Whether you’ve been in a bad relationship, have been cheated on or even been abused, it is possible for you to carry the emotional... continue reading
Whether you’ve been in a bad relationship, have been cheated on or even been abused, it is possible for you to carry the emotional baggage with you even once the situation itself has passed.
Women especially are vulnerable to emotional hangovers and can let bad experiences affect them continually, even in new relationships.
Unfortunately, until you get a grip on your emotions, you’re slowly going to poison any relationship that you have.
You need to break the patterns in order to move on.
Dear Dan and Jennifer,
Hello, I read your article on the free library and it connected with me. I am very insecure to the extent I am destroying my relationship with my boyfriend. We have been dating now for almost 3 yrs. He has been sincere but I somehow still manage to not having any faith in him. My ex’s cheated on me and my boyfriend says I am carrying it over into our relationship.
I hate the fact that I am becoming such a monster, that I can’t control my thoughts and that I am loosing the man I want as a husband. We want to start 2008 fresh.
How does one ‘let go and let things be?’ How can I solve my problems? How can I clear my head and heart out and move forward? Where do I start and what should I do? Please help.
– Ulrika, South Africa
Recognizing that this is happening is the first step to emotional recovery. It takes a lot of courage to face something head on, especially if it’s an emotional issue you’ve been trying to keep buried.
Recognizing that past relationships are affecting your current one is a milestone, and if you’ve even come that far, you should take a breath and congratulate yourself.
Know Your Triggers
Is there something that triggers you to revert back to your old relationships, at least in your unconscious mind? You may not know them right away, so it’s important to work towards discovering them.
You can write down what happens when you start to push your partner away, or if you become withdrawn or even angry. This is much easier to do once you’ve really recognized what your behavior is.
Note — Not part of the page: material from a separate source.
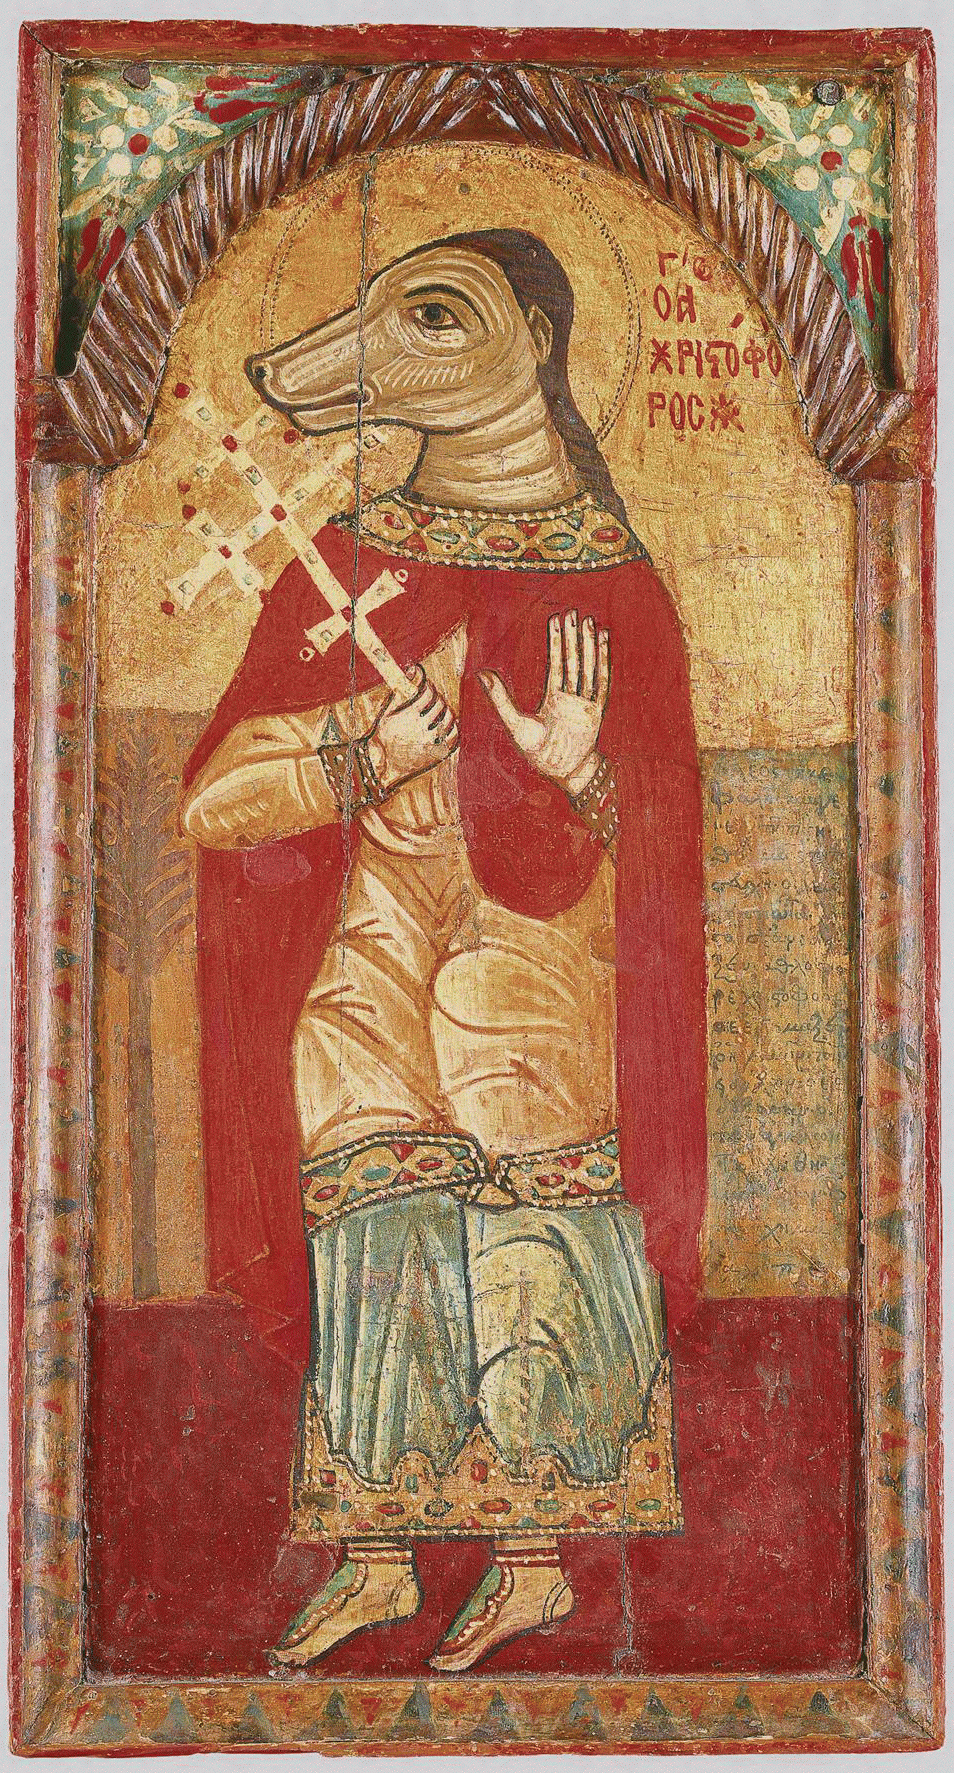 https://upload.wikimedia.org/wikipedia/commons/2/29/Saint_christopher_cynocephalus.gif

The ”why” will come later! After some time of writing down or keeping track of what happens when your behavior comes into play, you will begin to notice a pattern.
Knowing Your Patterns
With consistency, you’ll begin to learn more about yourself and your behavior patterns. You’ll know what triggers you, and the sequence of events that happen afterward. Do you get angry? Do you become withdrawn? Do you suspect your current partner to be cheating on you, just because your old partners did?
After some time of really being open and honest with yourself about your behavior patterns, you will be able to understand more of what is going on and then you can begin to delve into the deeper aspects of why this may be happening.
Counseling is a wonderful option for people who are carrying around emotional baggage. An unbiased therapist can help you to work through your emotional issues and let them go. Be it a traditional counselor, a new age healer or a hypnotherapist, they can use their knowledge and expertise about the human psyche to help you gain back control over your life and your relationships.
Remember, your therapist is not there to solve your problems for you. They are going to give you the tools you need to work through the problems on your own, and the right therapist will be with you every step of the way.
During this process, you should be open and honest with your partner. Now is not the time to hide things from them, because you’ll need their support more than ever. Any partner worth their salt will be understanding and willing to help you, because you’re willing to help yourself.
If you find that you need to be alone to truly come to grips with yourself and get rid of your emotional hangover, be honest about that too. Chances are you’ll be respected and given your space. Give yourself time and lots of love, and you can start on the path to healing and emotional recovery!